Willfull Ignorance about Statistics in Government

Quick but important one here.

I’ve repeatedly ranted here about ignorant twits. Ignorance is a plague on society, and it’s at its worst when it’s willful ignorance – that is, when you have a person who knows nothing about a subject, and who refuses to be bothered with something as trivial and useless about learning about it before they open their stupid mouths.

We’ve got an amazing, truly amazing, example of this in the US congress right now.
There’s a “debate” going on about something called the American Community Survey, or the
ACS for short. The ACS is a regular survey performed by the Census administration, which
measures a wide range of statistics related to economics.

A group of Republicans are trying to eliminate the ACS. Why? well, let’s put that question aside. And let’s also leave aside, for the moment, whether the survey is important or not. You can, honestly, put together an argument that the ACS isn’t worth doing, that it doesn’t measure the right things, that the value of the information gathered doesn’t measure up to the cost, that it’s intrusive, that it violates the privacy of the survey targets. But let’s not even bother with any of that.

Members of congress are arguing that the survey should be eliminated, and they’re claiming that the reason why is because the survey is unscientific. According to Daniel Webster, a representative from the state of Florida:

We’re spending $70 per person to fill this out. That’s just not cost effective, especially since in the end this is not a scientific survey. It’s a random survey.

Note well the emphasized point there. That’s the important bit.

The survey isn’t cost effective, the data gathered isn’t genuinely useful according to Representative Webster, because it’s not a scientific survey. Why isn’t it a scientific survey? Because it’s random.
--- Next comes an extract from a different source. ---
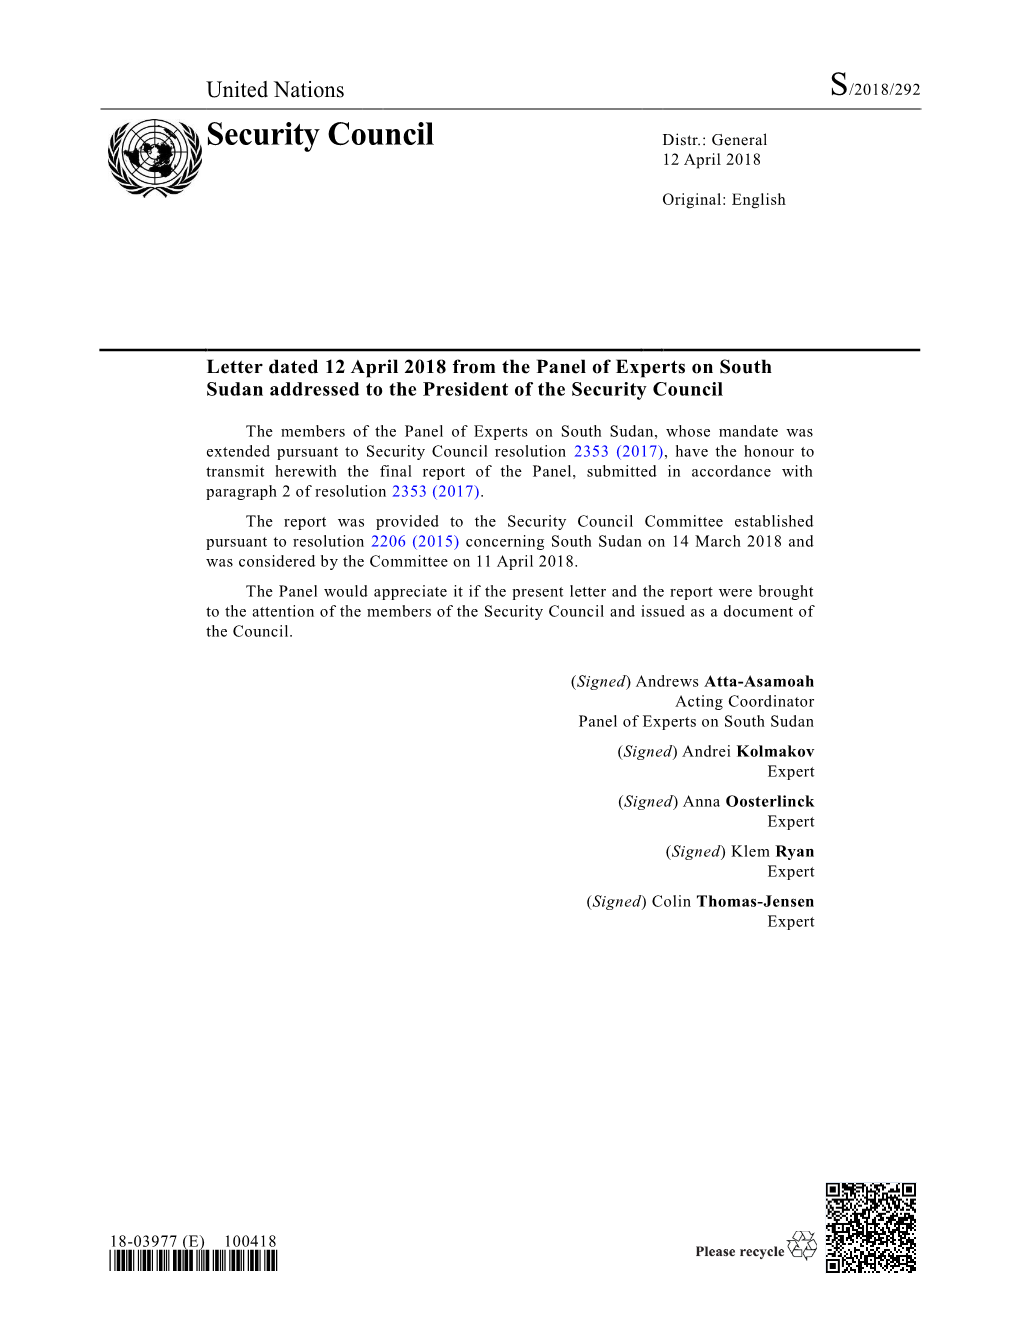 South Sudan Addressed to the President of the Security Council

This is what I mean by willful ignorance. Mr. Webster doesn’t understand what a survey is, or how a survey works, or what it takes to make a valid survey. He’s talking out his ass, trying to kill a statistical analysis for his own political reasons without making any attempt to actually understand what it is or how it works.
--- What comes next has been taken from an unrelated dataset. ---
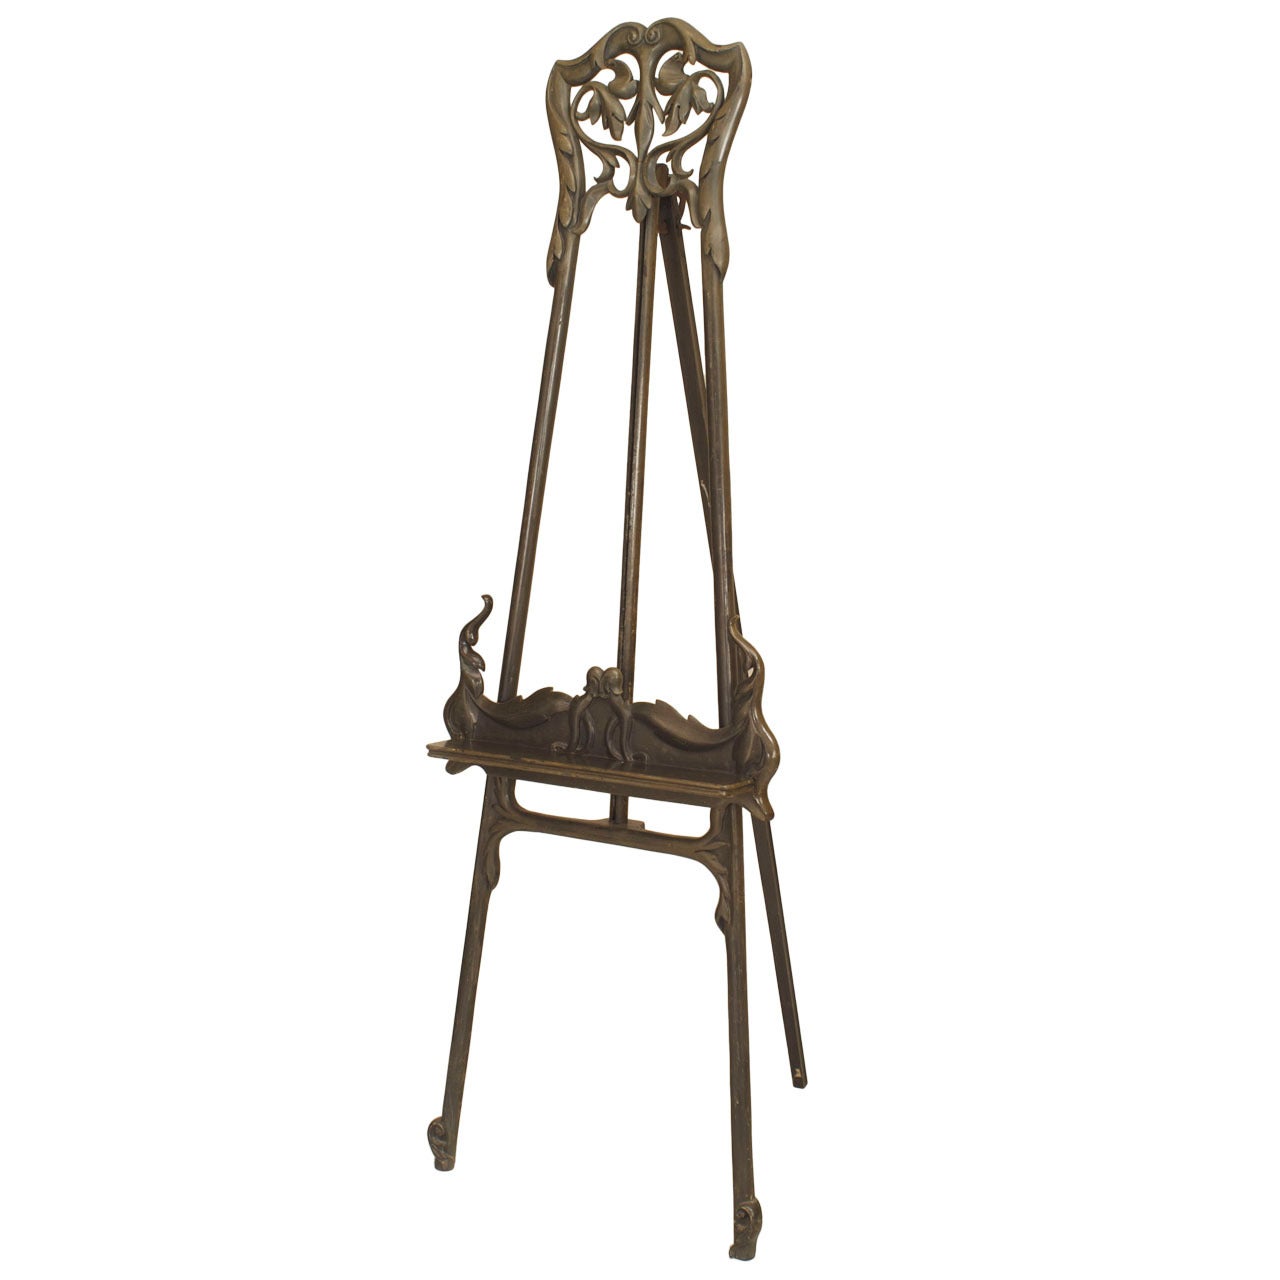 Turn of the Century Art Nouveau Filigreed Easel or Stand

Surveys are, fundamentally, about statistical sampling. Given a large population, you can create estimates about the properties of the population by looking at a representative sample of the population. For example, if you’re looking at the entire population of America, you’re talking about hundreds of millions of people. You can’t measure, say, the employment rate of the entire population every year – there are just too many people. It’s too much information – it’s pretty much impossible to gather it.

But: if you can select a group of, say, 10,000 people, whose distribution matches the distribution of the wider population, then the data you gather about them will closely resemble the data about the wider population.
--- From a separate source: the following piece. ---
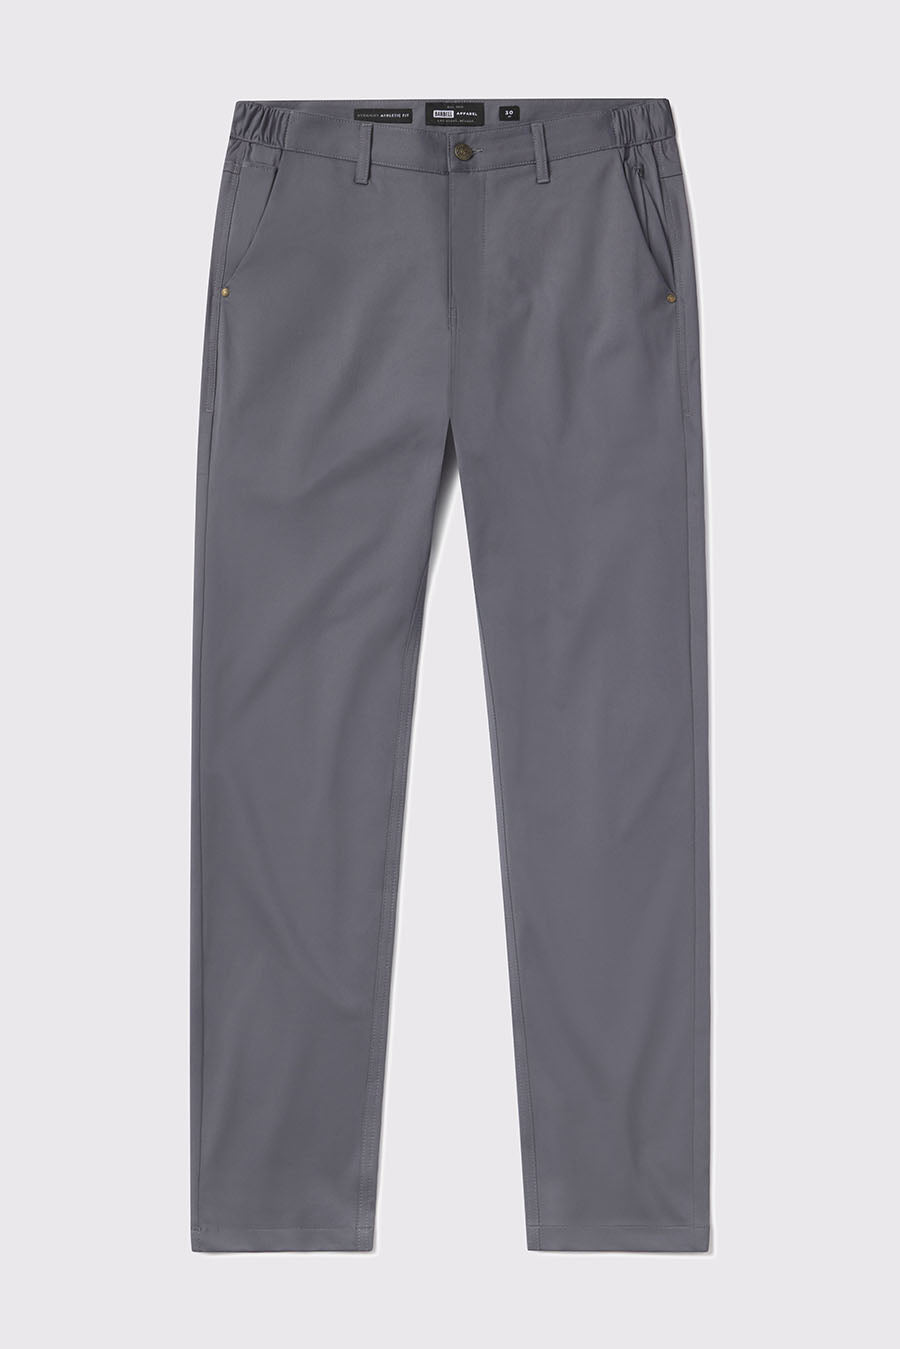 Anything Dress Pant - Slate - photo from front flat lay #color_slate

That’s the point of a survey: find a representative sample, and take measurements of that sample. Then, with a certain probability of correctness, you can infer the properties of the entire population from the properties of the sample.

Of course, there’s a catch. The key to a survey is the sample. The sample must be representative – meaning that the sample must have the same properties as the wider population of which it’s a part. But the point of survey is to discover those properties! If you choose your population to match what you believe the distribution to be, then you’ll bias your data towards matching that distribution. Your sample will only be representative if your beliefs about the data are correct. But that defeats the whole purpose of doing the survey.

So the scientific method of doing a survey is to be random. You don’t start with any preconceived idea of what the population is like. You just randomly select people in a way that makes sure that every member of the population is equally likely to be selected. If your selection is truly random, then there’s a high probability (a measurably high probability, based on the size of the sample and the size of the sampled population) that the sample will be representative.

Scientific sampling is always random.

So Mr. Webster’s statement could be rephrased more correctly as the following contradiction: “This is not a scientific survey, because this is a scientific survey”. But Mr. Webster doesn’t know that what he said is a stupid contradiction. Because he doesn’t care.

15 thoughts on “Willfull Ignorance about Statistics in Government

  1. Deen

    The stupid, it burns.

    Small quibble:

    You can’t measure, say, the employment rate of the entire population every year – there are just too many people.

    Actually, you can measure the employment rate of the entire population every year, just not with a survey. You could register applications for unemployment benefits and welfare in a nation-wide database, for example. Most of this data is probably already recorded somewhere for other purposes anyway. You might even be able to track it in near real time, if you really wanted.

    1. MarkCC Post author

      Sorry, but no. That will tell you the rate of people taking unemployment benefits. That’s a different number from the actual number of unemployed people. We’re talking about different numbers.

      IF you want to know the actual number of people working, the unemployment figures don’t tell you that. There are people who never worked, and aren’t eligible; there are people who collected until the benefits ran out. There are retired people who aren’t working. Those aren’t captured in unemployment rates.

      1. Elipson

        How about 313,582,000 quadrocopter, each one following a person? Not only would we get employment rates, as well as weekly work hours AND our production of porno would increase massively! 😉

      2. Deen

        Sorry, but no. That will tell you the rate of people taking unemployment benefits. That’s a different number from the actual number of unemployed people.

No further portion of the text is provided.